Случится этап -- ты и на новое место приедешь вполне в расцвете, ты и там
уже знаешь, как поступать с первых же дней. Один из самых удачных ходов --
стать прислугой начальства. Когда среди нового этапа пришла в лагерь
дородная холеная И. Н., долгие годы благополучная жена крупного армейского
командира, начальник УРЧа тотчас её высмотрел и дал почетное назначение мыть
полы в кабинете начальника. Так она мягко начала свой срок, вполне понимая,
что это -- удача.
Что с того, что кого-то на воле ты там любила и кому-то хотела быть
верна! Какая корысть в верности мертвячки? "выйдешь на волю -- кому ты
будешь нужна?" -- вот слова, вечно звенящие в женском бараке. Ты грубеешь,
стареешь, безрадостно и пусто пройдут последние женские годы. Не разумнее ли
что-то спешить взять и от этой дикой жизни?
Облегчает и то, что здесь никто никого не осуждает. "Здесь все так
живут".
Развязывает и то, что у жизни не осталось никакого смысла, никакой
цели.
Те, кто не уступили сразу -- или одумаются, или их заставят всё же
уступить. Самым упорным, но если собой хороша -- сойдется, сойдется на клин
-- сдавайся!
Была у нас в лагерьке на Калужской заставе (в Москве) гордая девка М.,
лейтенант-снайпер, как царевна из сказки -- губы пунцовые, осанка лебяжья,
волосы вороновым крылом.2 И наметил купить её старый грязный жирный
кладовщик Исаак Бершадер. Он был и вообще отвратителен на взгляд, а ей, при
её упругой красоте, при её мужественной недавней жизни особенно. Он был
корягой гнилой, она -- стройным тополем. Но он обложил её так тесно, что ей
не оставалось дохнуть. Он не только обрек её общим работам (все придурки
действовали слаженно, и помогали ему в облаве), придиркам надзора (а на
крючке у него был и надзорсостав) -- но и грозил неминуемым худым далеким
этапом. И однажды вечером, когда в лагере погас свет, мне довелось самому
увидеть в бледном сумраке от снега и неба, как М. прошла тенью от женского
барака и с опущенной головой постучала в каптерку алчного Бершадера. После
этого она хорошо была устроена в зоне.
М. Н., уже средних лет, на воле чертежница, мать двоих детей,
потерявшая мужа в тюрьме, уже сильно доходила в женской бригаде на
лесоповале -- и всё упорствовала, и была уже на грани необратимой. Опухли
ноги. С работы тащилась в хвосте колонны, и конвой подгонял её прикладами.

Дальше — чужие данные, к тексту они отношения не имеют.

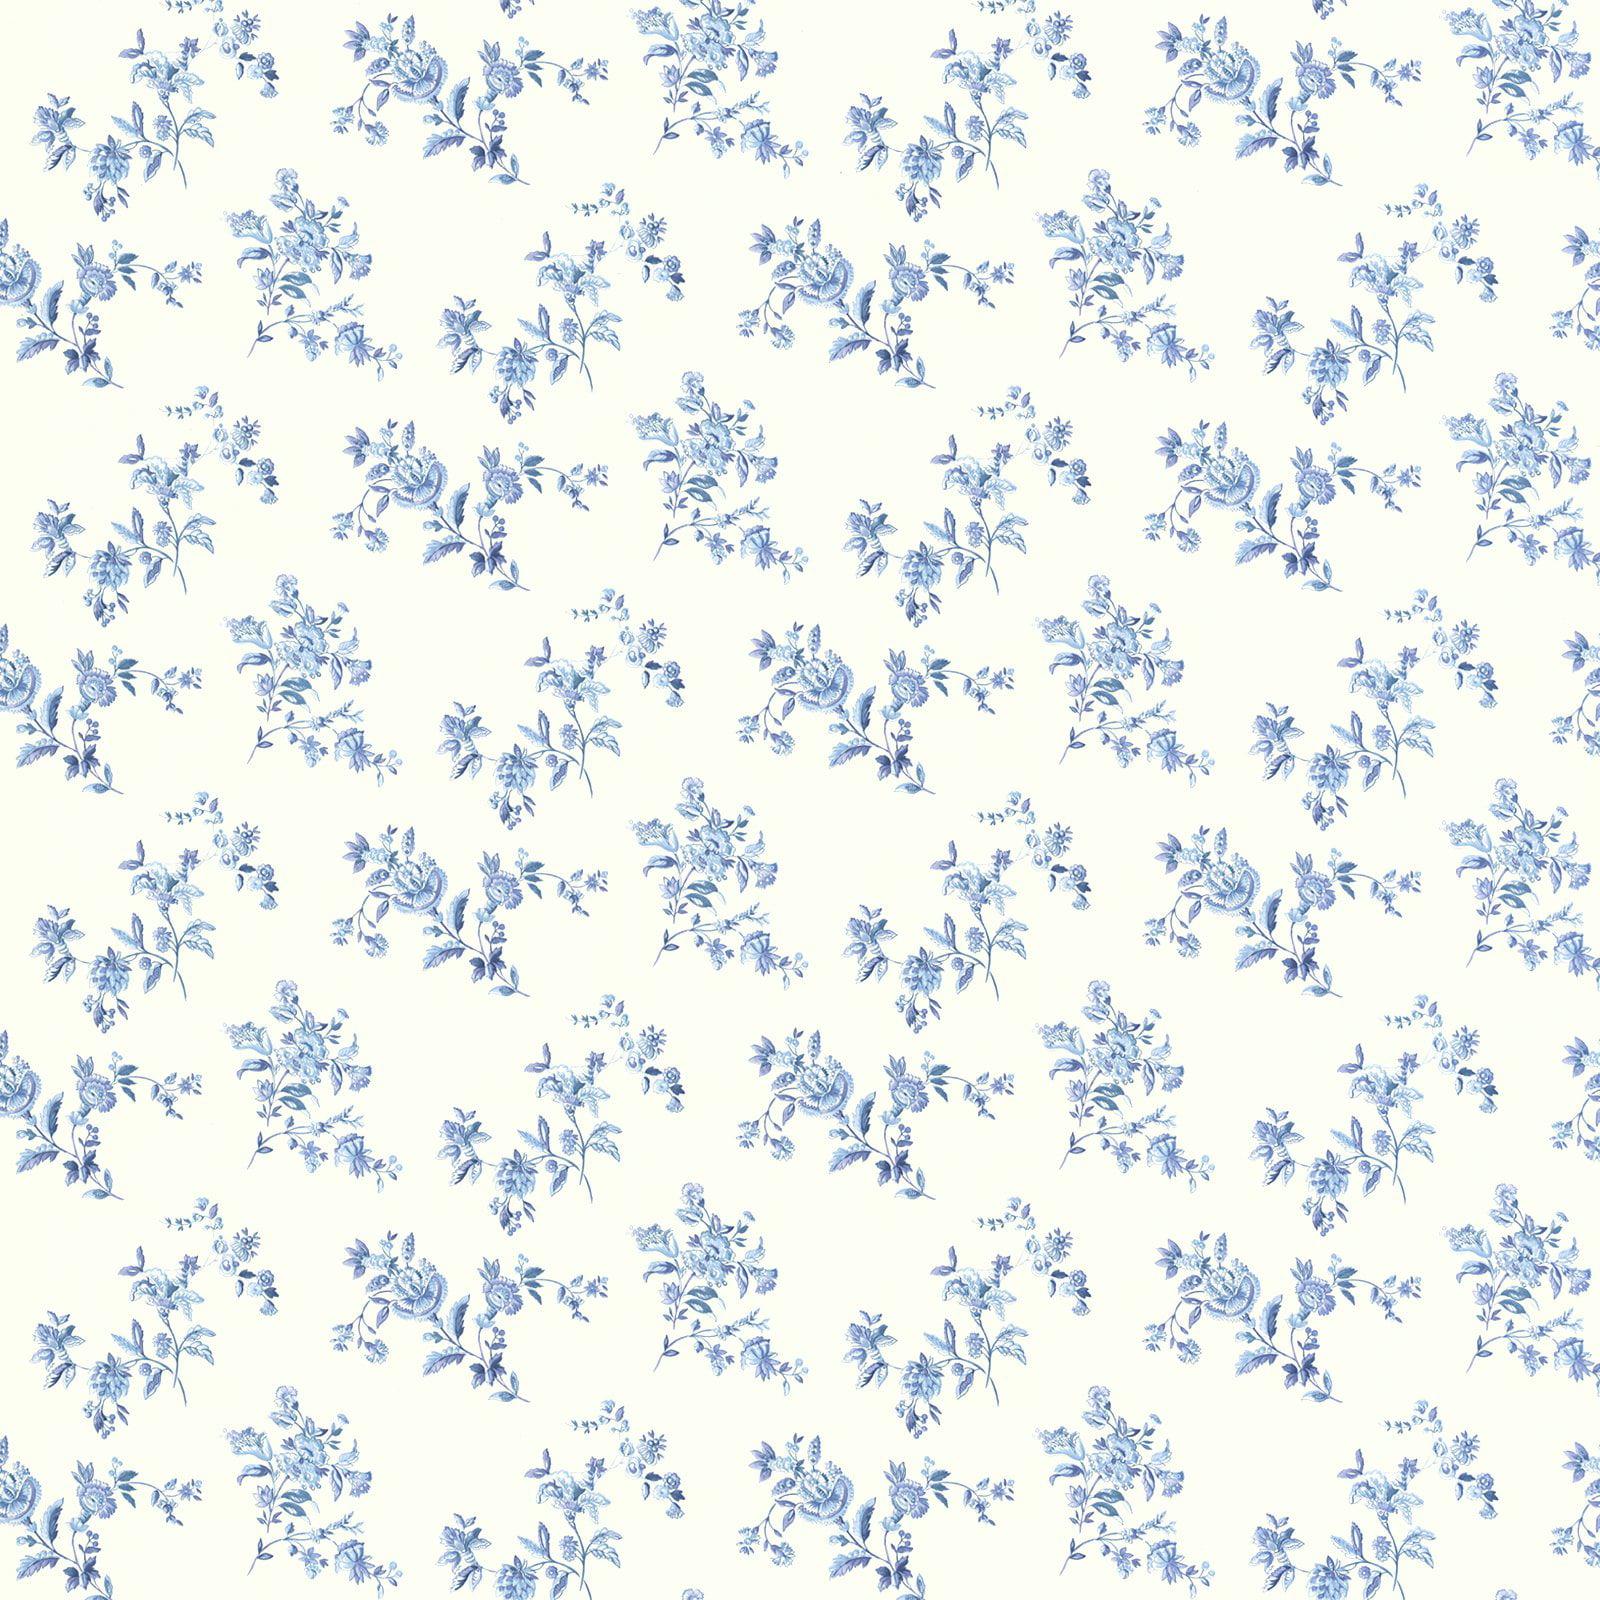 Brewster Waverly Floral Bouquet Wallpaper Walmart Com Walmart Com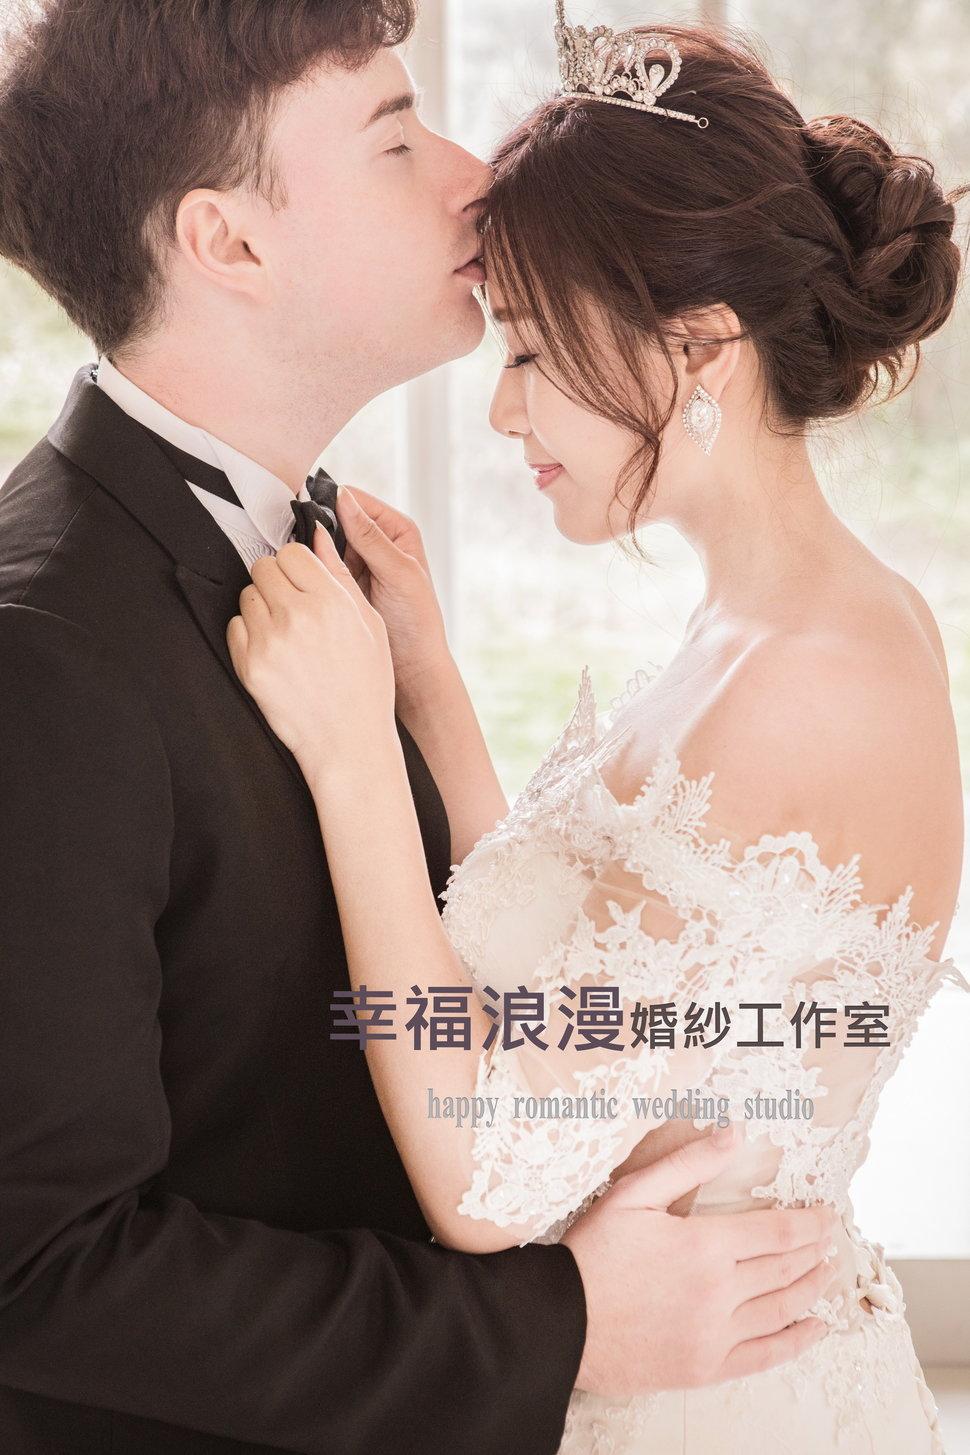 5G3A6972-1_調整大小 - 幸福浪漫婚紗工作室 韓式婚紗攝影《結婚吧》

Как-то осталась на день в зоне. Присы`пался повар: приходи в кабинку, от
пуза накормлю. Она пошла. Он поставил перед ней большую сковороду жареной
картошки со свининой. Она всю съела. Но после расплаты её вырвало -- и так
пропала картошка. Ругался повар: "Подумаешь, принцесса!" А с тех пор
постепенно привыкла. Как-то лучше устроилась. Сидя на лагерном киносеансе,
уже сама выбирала себе мужика на ночь.
А кто прождет дольше -- то самой еще придется плестись в общий мужской
барак, уже не к придуркам, идти в проходе между вагонками и однообразно
повторять: "Полкило... полкило..." И если избавитель пойдет за нею с пайкой,
то завесить свою вагонку с трех сторон простынями, и в этом шатре, шалаше
(отсюда и "шалашовка") заработать свой хлеб. Если раньше того не накроет
надзиратель.
Вагонка, обвешанная от соседок тряпьем -- классическая лагерная
картина. Но есть и гораздо проще. Это опять-таки кривощековский 1-й
лагпункт, 1947-1949. (Нам известен такой, а сколько их?) На лагпункте --
блатные, бытовики, малолетки, инвалиды, женщины и мамки -- всё перемешано.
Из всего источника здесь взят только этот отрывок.